Why each step exists

Slide-change detection with perceptual hashing is fast and free. It's intentionally over-sensitive — better to catch every camera cut and animation build than miss a real slide change.
Min-duration filter collapses raw detections within ~3s of each other, killing animation-build noise while preserving real slide changes.
Classification is the expensive-looking step that pays for itself. Without it, every speaker-only camera cut becomes a "slide" the synthesis call wastes API spend on.
Same-slide check handles the SaaStr livecast issue where the same slide is shown from three camera framings; without it, one slide becomes 3-6 separate segments with redundant theses.
Software-demo grouping turns the 6-frame "AI crawl demo" run into one segment with 6 anchor images — Sonnet sees the progression, not 6 individual frames each described separately.
Cue-based Q&A split fixes the case where the speaker invites questions but the slide doesn't change — no visual cue fires, so without the transcript-cue scan, 15 minutes of Q&A would get glued onto the last content slide.
Speaker grounding in synthesis prompts prevents the model from pattern-matching to industry-famous brands (e.g. "Toast" when the speaker is actually from "Owner") or confusing the speaker's company with vendors they reference ("Anthropic's finance team" when they meant "the speaker's finance team using Claude").

Output

Files produced

For a session named adam_owner, you'll get this tree:

output/
  adam_owner/
    video.mp4                 # raw download from yt-dlp
    audio.mp3                 # extracted audio for Whisper
    transcript.json           # Whisper segments with timestamps
    slides.json               # raw + filtered slide-change boundaries
    classifications.json      # per-slide Haiku classifications
    concepts.json             # canonical synthesized output
    adam_owner.md             # rendered markdown report
    adam_owner_slides/
      slide_001.png           # cropped slide images, one per raw detection
      slide_002.png
      ...

Sample report

A typical content-slide segment looks like this:

## Segment 1 — Owner Before: Strong Metrics, Hidden Risk
*1:08:28 to 1:09:26 · content_slide*

![Slide](adam_owner_slides/slide_002.png)

**On the slide:**
> # Owner before
>
> Building Shopify for restaurants.
> Great metrics - exceeding triple triple double double double.
> Great funding - $89M raised.
> But...

**Thesis.** Three years ago, Owner appeared to be thriving — building a
Shopify for restaurants with strong growth metrics and $89M raised.
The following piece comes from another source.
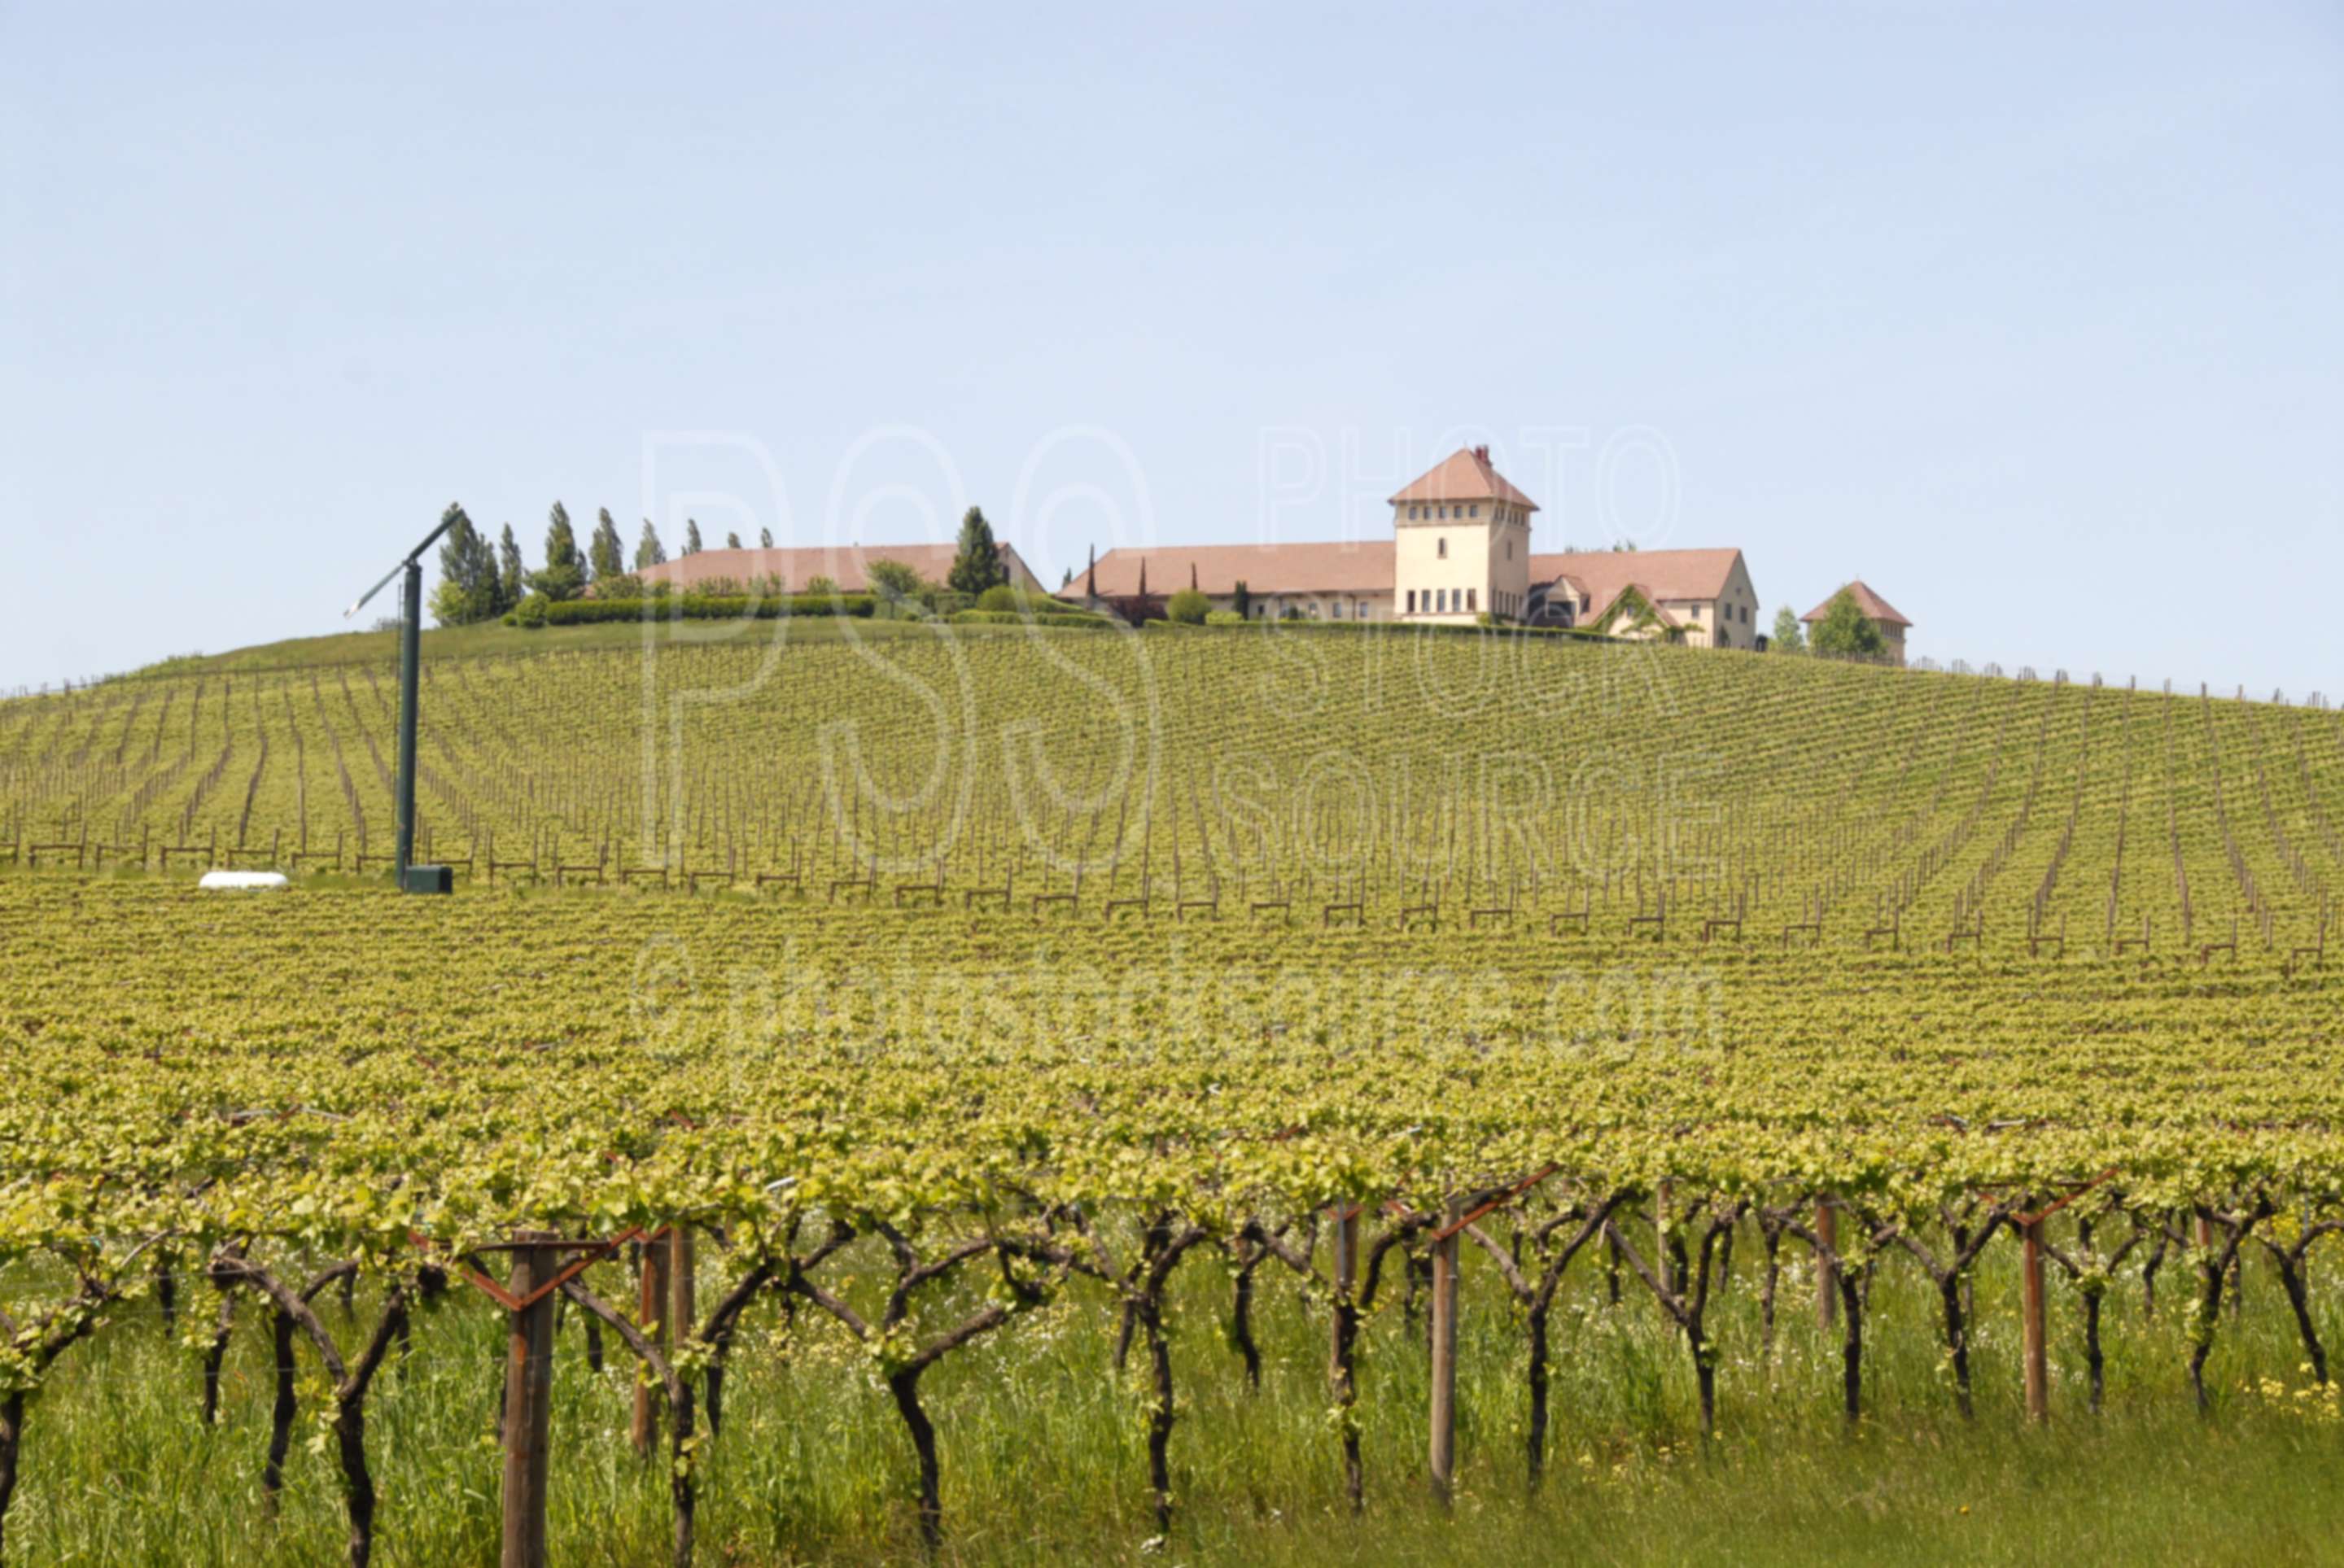 King Estate Winery,vines,vineyard,vineyards,wine,agriculture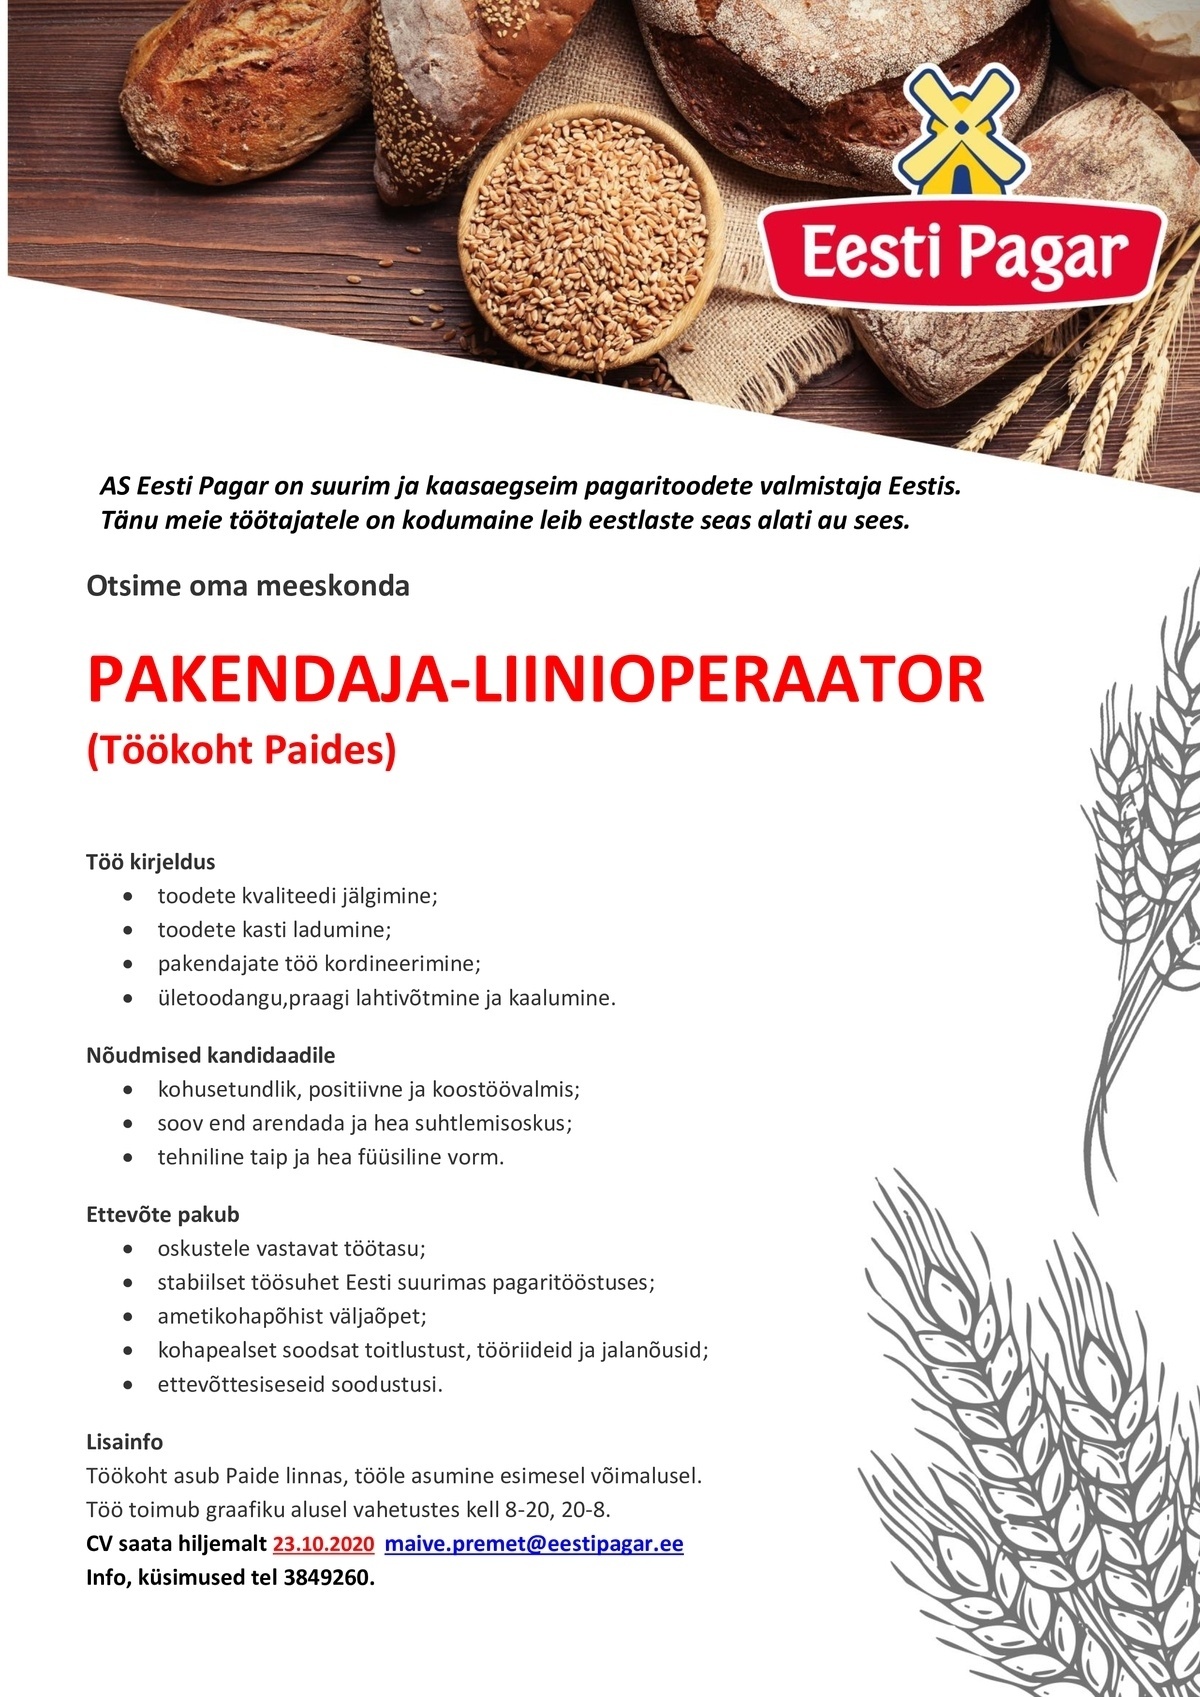 Eesti Pagar AS Pakendaja-liinioperaator (Paide linnas)

Despite
hitting the coveted triple-triple-double-double-double SaaS growth trajectory,
an existential threat was quietly emerging beneath the surface starting in
early 2023.

**Visual.** Dark background, 'Owner before' title with 'before' highlighted
in a purple box. Four bullets on the left, an accelerating bar chart on the
right reinforcing the growth.

**Key stats:**
- $89M — Capital raised (source: slide)
- triple triple double double double — Growth trajectory exceeded (source: slide)

**Notable quotes:**
> "We were exceeding the triple, triple, double, double, double trajectory
> that the SaaS lore says eventually leads to building a unicorn." — [1:09:03]

<details>
<summary>Raw transcript</summary>

Let me take you back to three years ago, because the past three years has
been a huge rollercoaster at Owner. ...

</details>

A Q&A segment renders like this:

## Segment 35 — Q&A
*1:45:47 to 1:52:01 · qa_session*

### Q1: How many attempts did you have before you came up with a winning idea?
*Asked by: PMP, founder of Emotions AI*

The company went through many failures, including a website builder focused
on dine-in reservations that was destroyed by the pandemic, before pivoting to
online ordering and eventually finding product-market fit.

**Quotes:**
> "The first three years of the company's life in 2018 to 2021, we were
> building something that got completely destroyed by the pandemic." — [1:46:30]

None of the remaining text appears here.